- Born: 12 January 1937
- Died: 4 July 2016 (aged 79)

= Terence O'Brien (botanist) =

Australian botanist (1937–2016)

Terence 'Terry' Phillip O'Brien (12 January 1937 – 4 July 2016) was an Australian botanist who was an expert in the development of wheat, and who was an early pioneer of Australian eco-tourism.

== Life ==
O'Brien completed a bachelor's degree in Agricultural Science and a Master of Science from the University of Melbourne in 1962. He studied at Harvard University, and was the first Australian appointed to the Harvard Society of Fellows as a junior fellow between 1964 and 1967, and completed a PhD.

After returning to Australia was employed as a senior lecturer at Monash University between 1967 and 1970. In 1970 he was appointed as a Reader in Botany at the same university, and established an electron microscope at the University, and the Plant Cell Biology Laboratory. He received a Doctor of Science from Monash University in 1978, for his contributions to understanding the physiological anatomy of plant cells and tissues. From July 1986 to June 1987, O'Brien was elected president of the Royal Society of Victoria. He also was a chartered biologist of the Royal Society of Biology, and a member of the Australian Institute of Biology.

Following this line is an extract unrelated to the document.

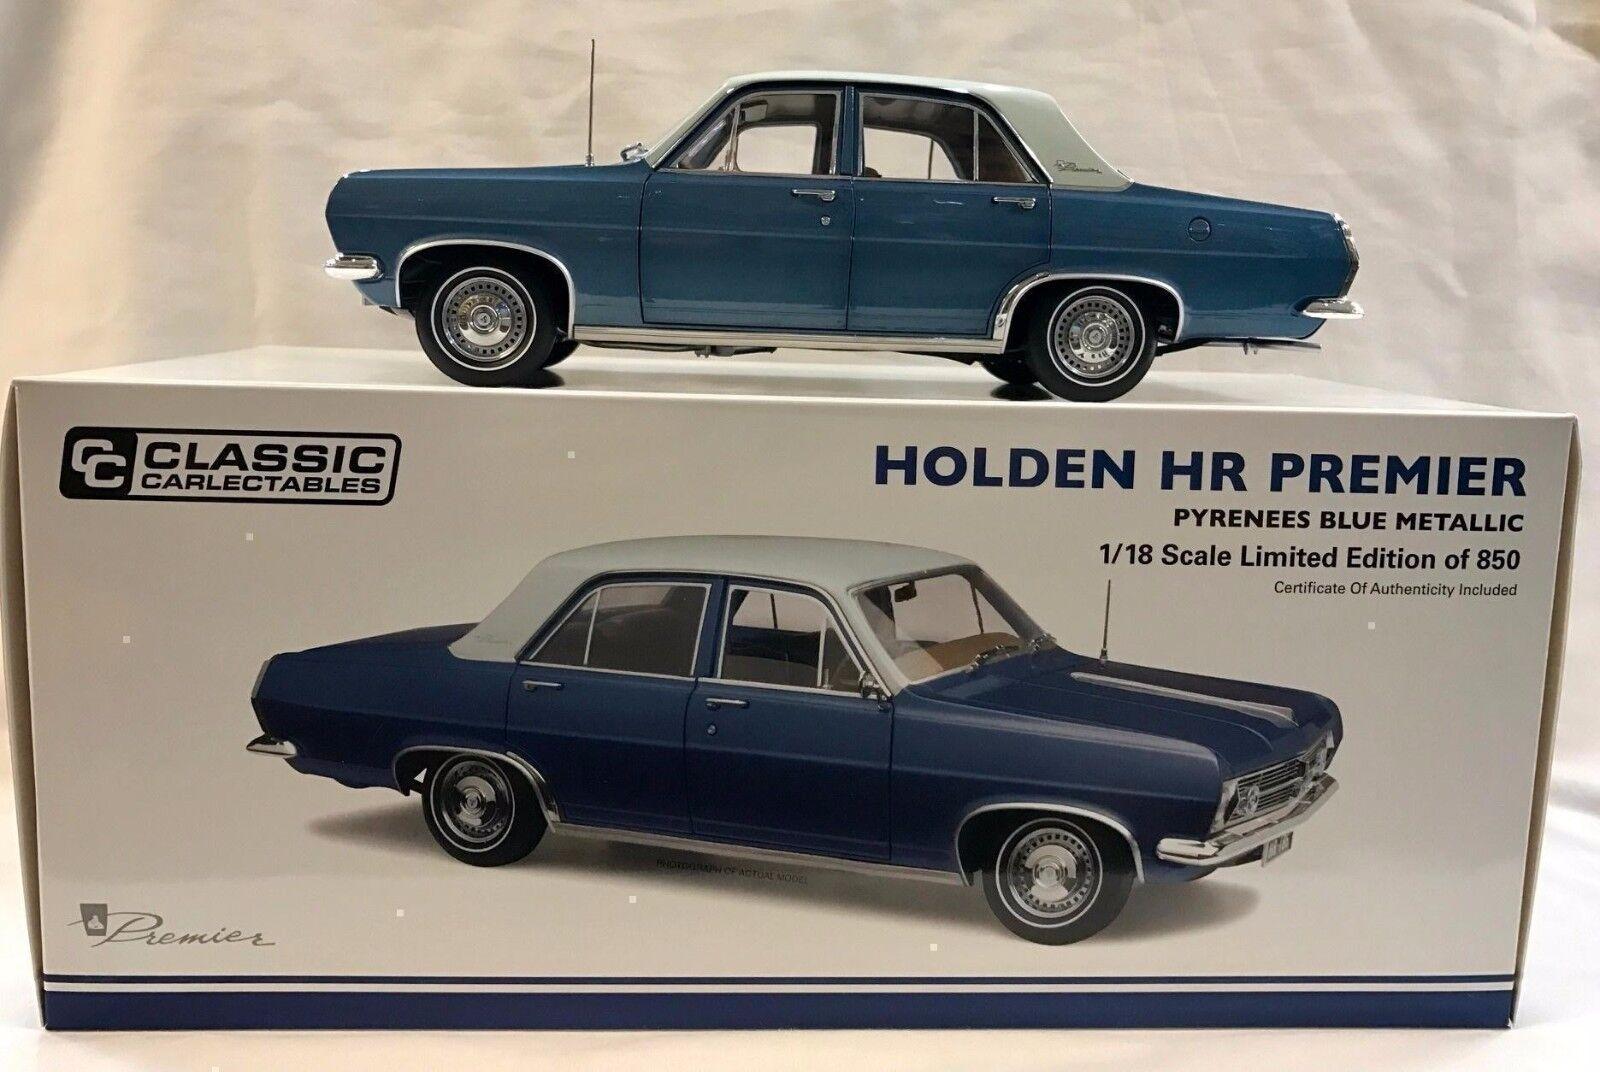 37514 HR Premier Holden Pirineo Metálico blu Die cast Modelo de Coche 1 18
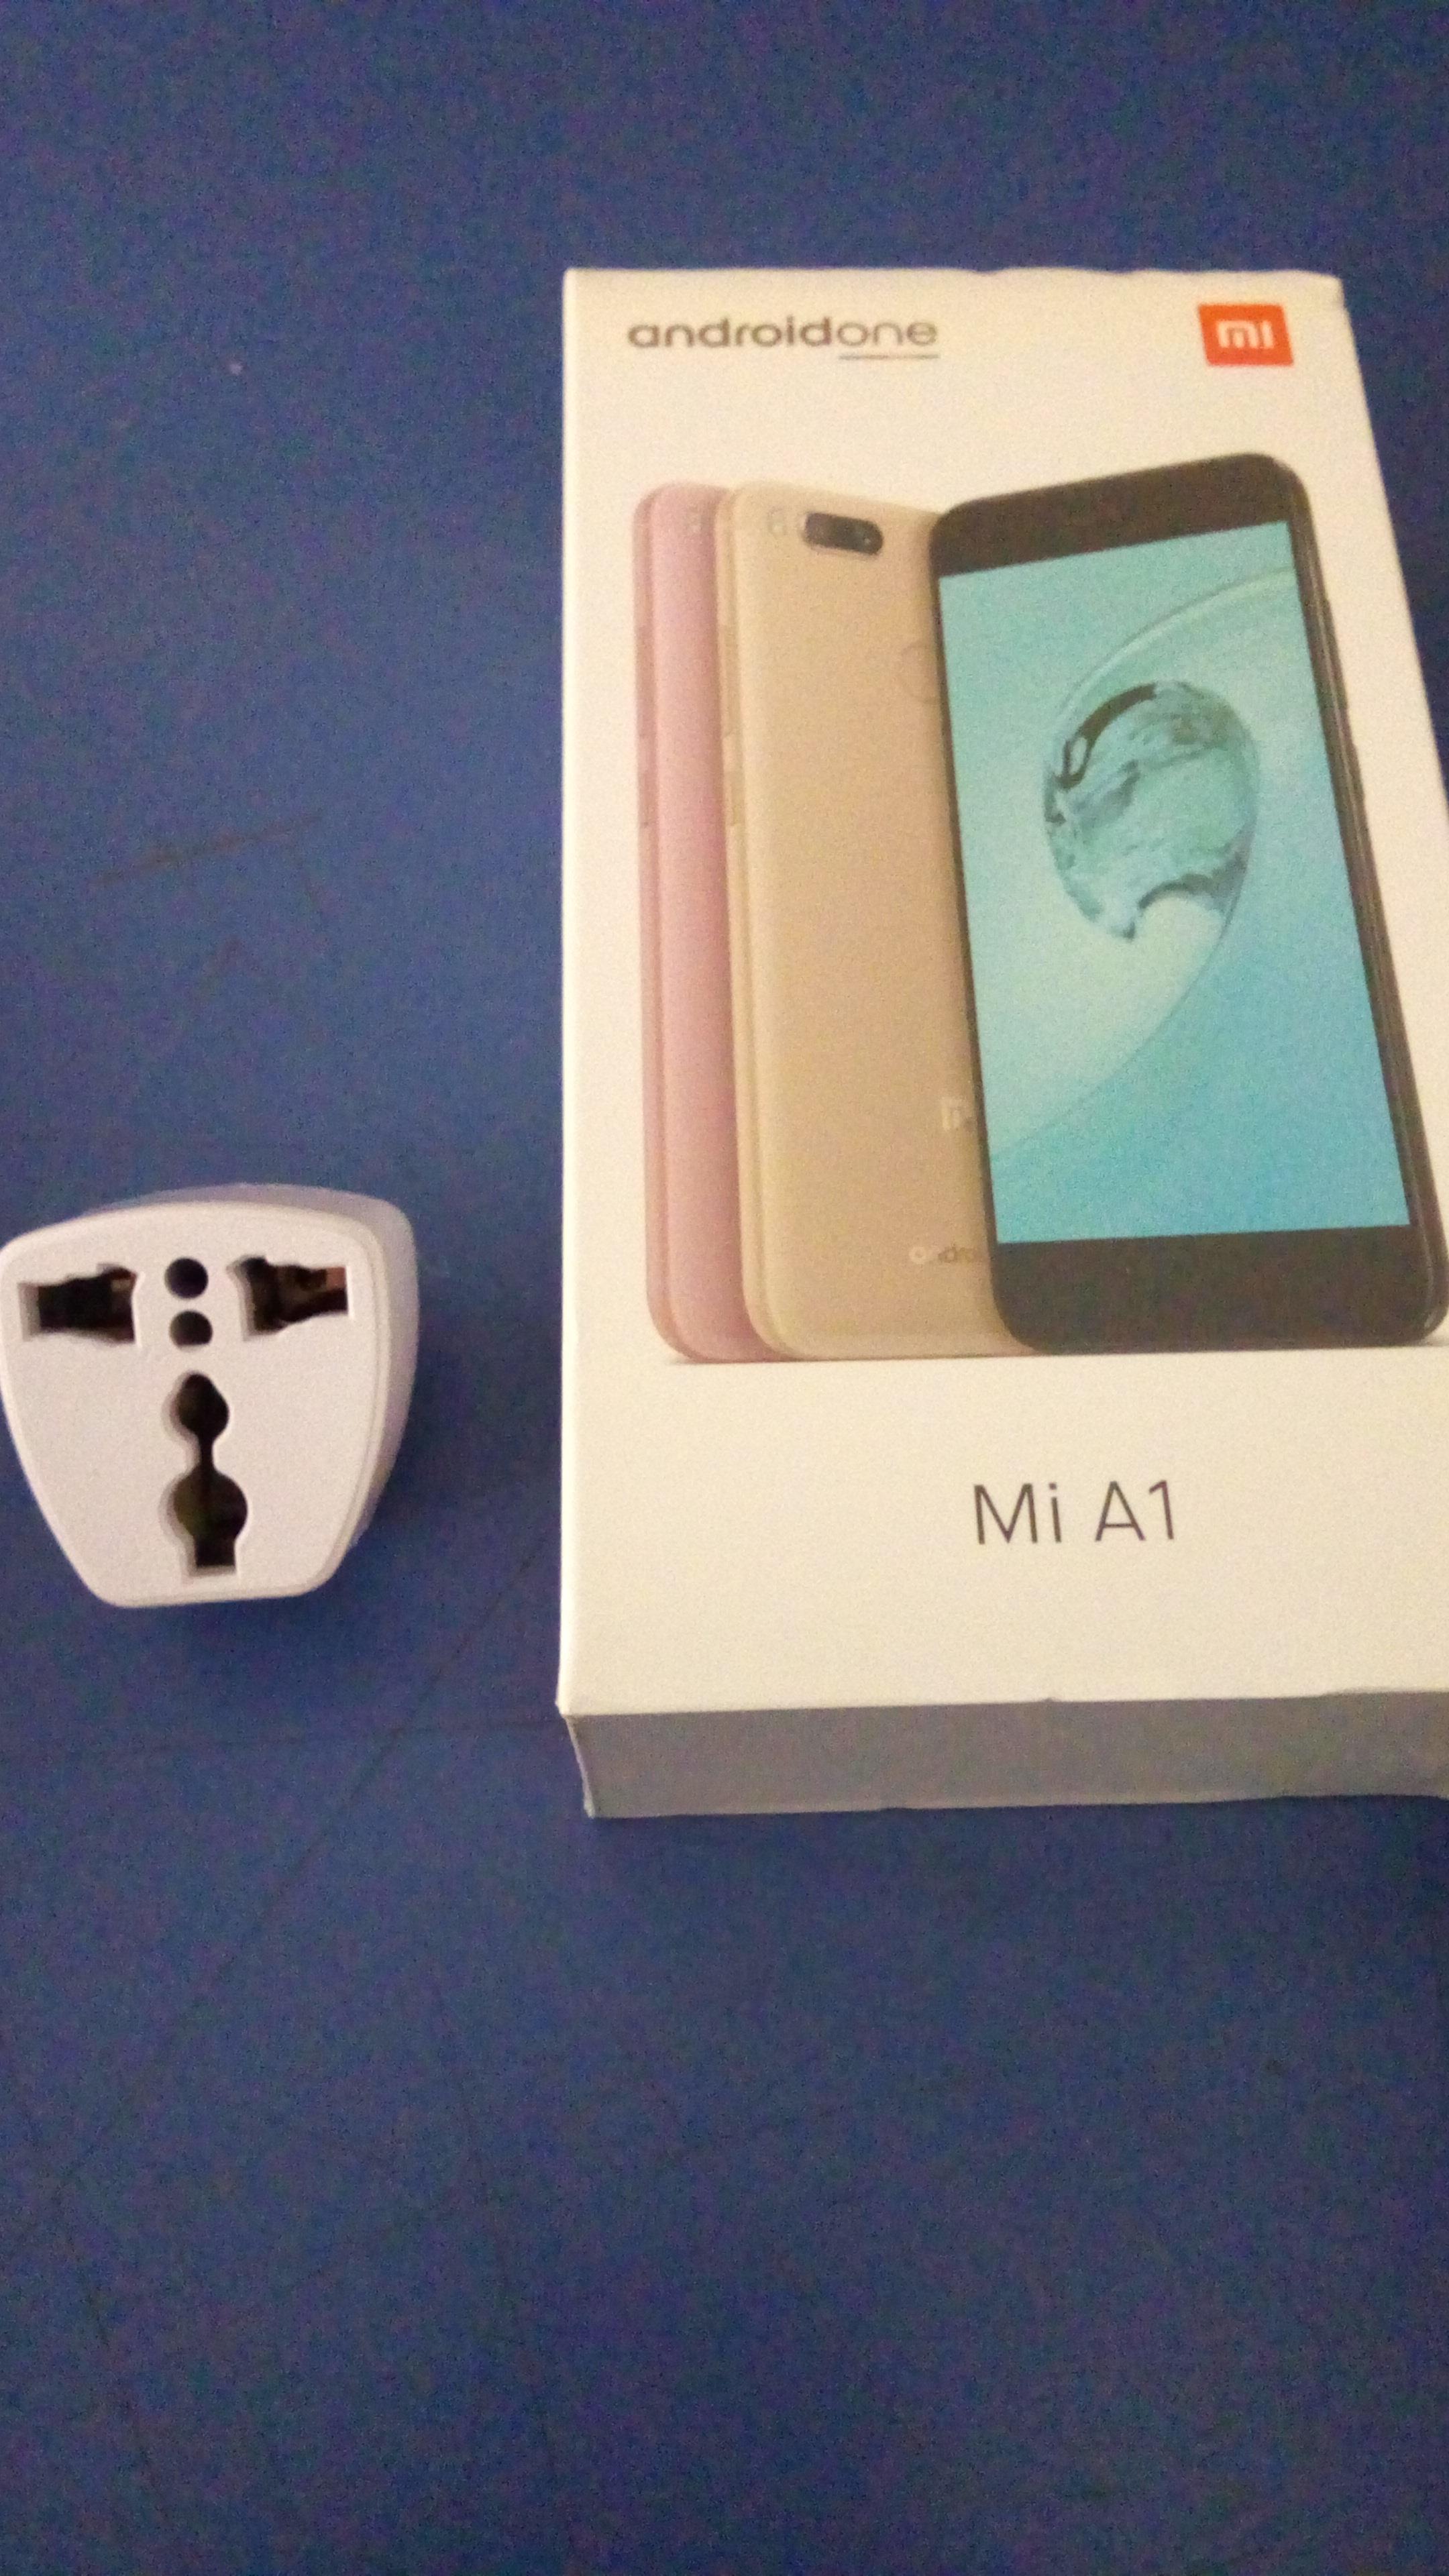 "line Shop Global Version Xiaomi Mi A1 MiA1 Android 8 0 Mobile Phone 4GB 64GB Snapdragon 625 Octa Core 5 5"" 1080P Dual Camera 12 0MP FCC CE"

After assisting the university to introduce Australia's first postgraduate degree in tourism studies in 1989, O'Brien resigned from Monash University to found an eco-tourism company himself. He eventually moved back to his alma mater of Harvard University before retiring.

== Botanical legacy ==
O'Brien specialised in the study of the development and structure of wheat, and plant morphology more broadly. Publications he contributed to include:
- TP O'Brien and ME McCully. 1969. Plant structure and development: a pictorial and physiological approach. (New York: Macmillan.)
- SY Zee and TP O'Brien. 1970. "A Special Type of Tracheary Element Associated with "Xylem Discontinuity" in the Floral Axis of Wheat." Australian Journal of Biological Sciences 23(4) 783 - 792.
- JG Swift and TP O'Brien. 1970. "Vascularization of the scutellum of wheat." Australian Journal of Botany 18(1) 45 - 53.
- JG Swift and TP O'Brien. 1971. "Vascular differentiation in the wheat embryo." Australian Journal of Botany 19(1) 63 - 71.
- TP O'Brien, RL Clark, and PF Lumley. 1972. Manual of techniques in plant histology. (Clayton, Vic.: Monash University. Botany Department.)
- TP O'Brien and J Kuo. 1975. "Development of the Suberized Lamella in the Mestome Sheath of Wheat Leaves." Australian Journal of Botany 23(5) 783 - 794.
- S Craig and TP O'Brien. 1975. "The Lodicules of Wheat: Pre- and Post-Anthesis." Australian Journal of Botany 23(3) 451 - 458.
- CH Busby and TP O'Brien. 1979. "Aspects of Vascular Anatomy and Differentiation of Vascular Tissues and Transfer Cells in Vegetative Nodes of Wheat." Australian Journal of Botany 27(6) 703 - 711.
- TP O'Brien and ME McCully. 1981. The study of plant structure: principles and selected methods. (Melbourne: Termarcarphi.)
- TP O'Brien. 1986. Plants, insects and fire in the Big Desert. [videorecording]. (Clayton, Vic.: Educational Technology Section, Monash University.)

Specimens collected by O'Brien during his career at Monash University are now cared for by the National Herbarium of Victoria, Royal Botanic Gardens Victoria.